Colin Buss: Alzheimer disease
Constitutive processing of APP yields three pieces: a soluble extracellular peptide of >100kDa called sAPP, a mebrane-associated ~11 kDa portion which includes Aβ, and the amyloid intracellular domain (AICD) [LaFerla 2002]. Alpha cleavage of APP was the first type of cleaveage to be discovered chronologically, and because alpha secretase cuts Aβ in half, people at first thought that Aβ must represent some off-pathway, non-physiological product [Esch 1990]. This view was challenged a few years later when beta cleavage was characterized [Haass 1992, Seubert 1993].
Alpha, beta, and gamma secretase activities were all characterized before the secretases themselves were discovered. The identification of gamma secretase was particularly challenging, as it eventually proved to be a complex with at least four limiting components [Kimberly 2003].
Some of the evidence for Aβ42, as opposed to Aβ40, being pathogenic comes from mouse models [McGowan 2005].
A review of some structural and functional studies of ApoE E4 is [Zhong & Weisgraber 2009].
Alzheimer disease is on the rise and new treatments are urgently needed†. A review of therapeutic strategies is [Citron 2010].

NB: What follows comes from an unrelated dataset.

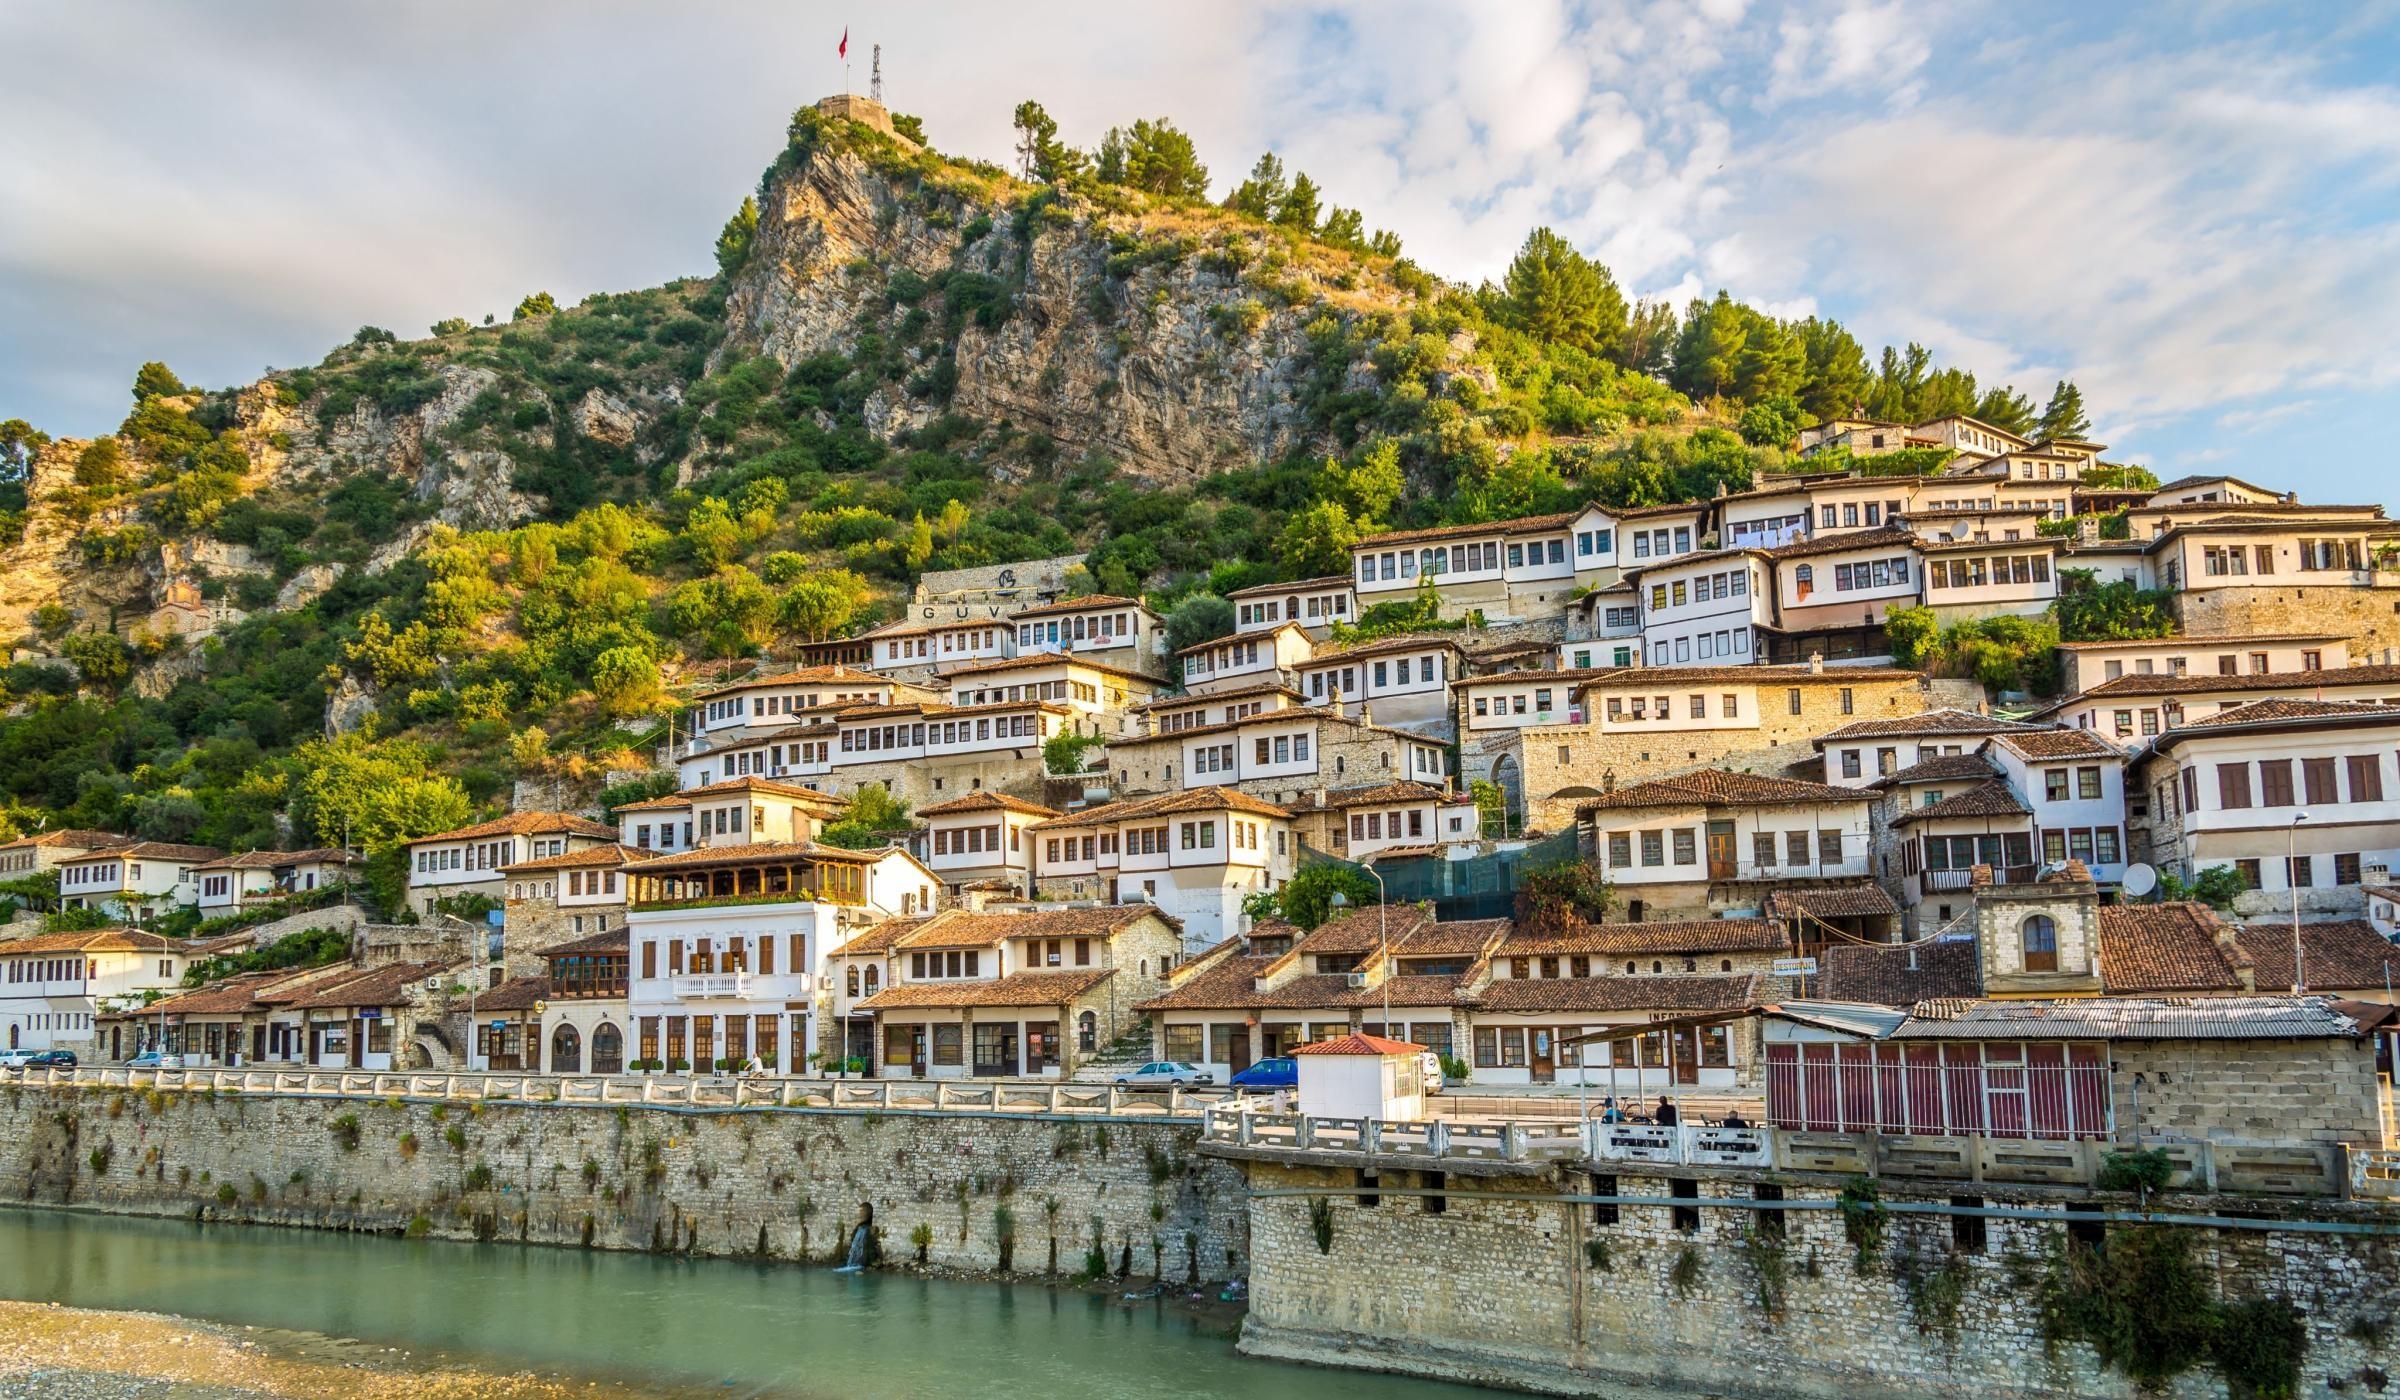 Udhëtimi në qytetin e një mbi një dritareve,Berat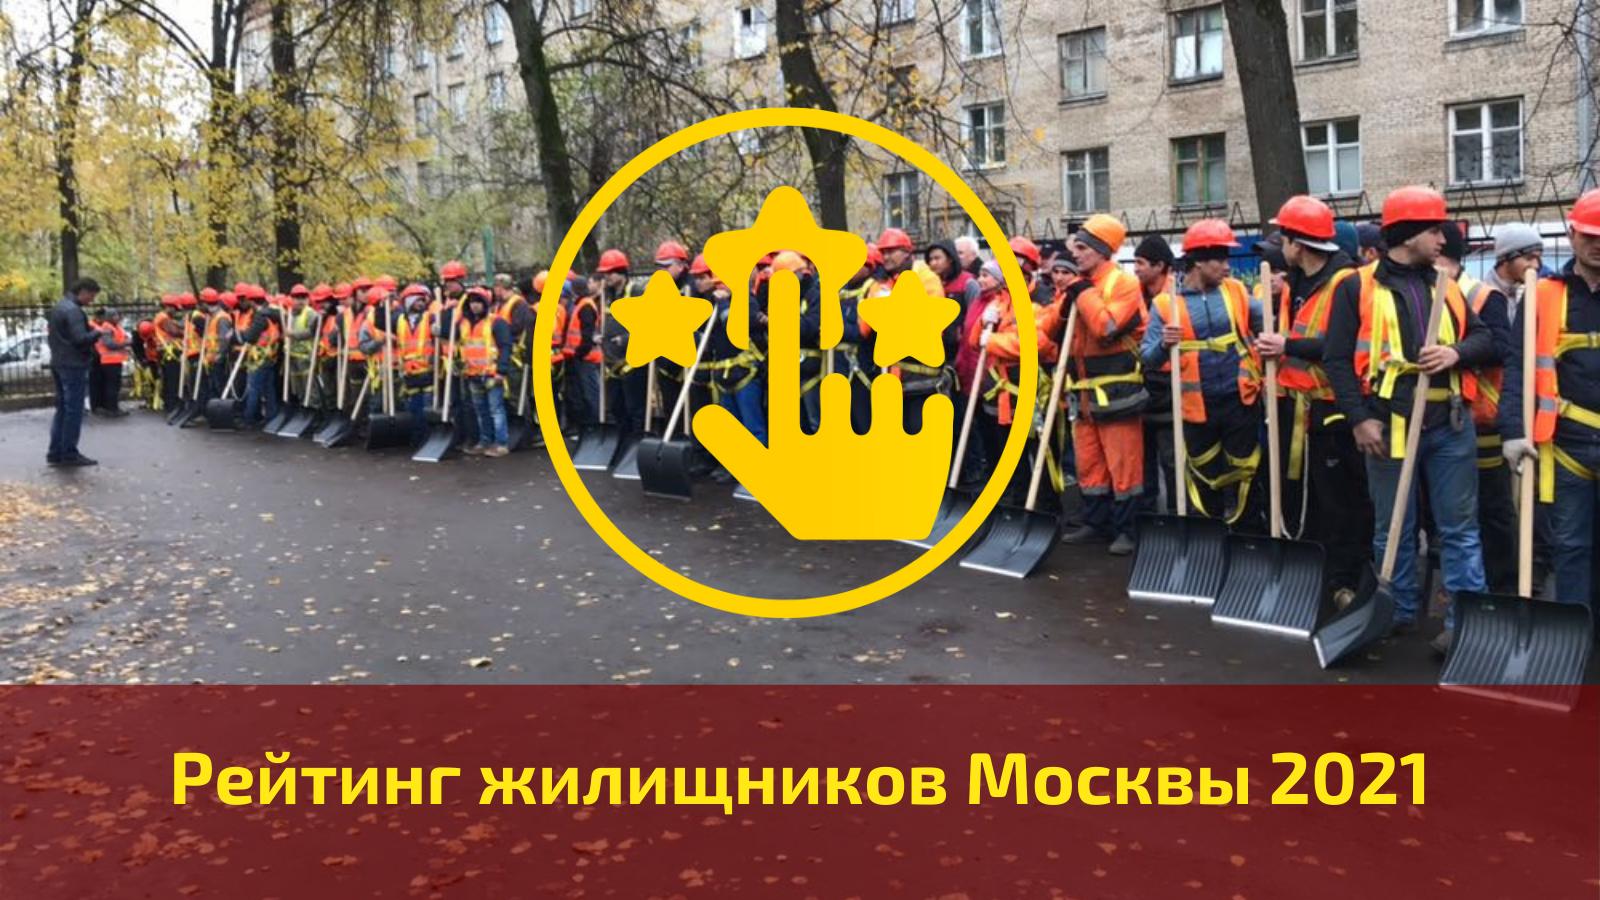 """Рейтинг столичных ГБУ """"Жилищник"""" в 2021 году"""

†A good citation on Alzheimer disease prevalence and economic costs is [Hurd 2013].
Liliana Quintanar: Copper-modulated amyloid aggregation
Several neurodegenerative diseases, including Alzheimer disease, Parkinson disease, and prion disease, are associated with elevated concentrations of metal ions [see e.g. Bush 2003]. Metal-protein interactions can be studied using several different methods including EPR, NMR, UV spectroscopy, and circular dichroism. NMR signal broadening by amino acid provides information on where the metal ion binds to the protein. One can also perform aggregation assays in the presence of metals. For instance, several metals, but especially Cu2+, accelerate the in vitro aggregation of alpha synuclein [Rasia 2005]. Two copper-binding sites in alpha synuclein have been identified [Binolfi 2010, reviewed in Binolfi 2012].
Aβ binds copper and zinc, particularly at D1, H6, H13, and H14. Aβ1-16 has been used as a model fragment for studying metal binding. See e.g. [Hureau 2012, Hureau & Dorlet 2012]. There are conflicting reports as to whether copper inhibits or promotes Aβ amyloid formation. Some of this may have to do with how you study it. In some paradigms you can see copper quench ThT fluorescence, yet amyloids are still visible on electron microscopy. There have been efforts to combine amyloid-binding small molecules with copper chelators to get bifunctional small molecules as potential anti-amyloid agents [Marquez 2014].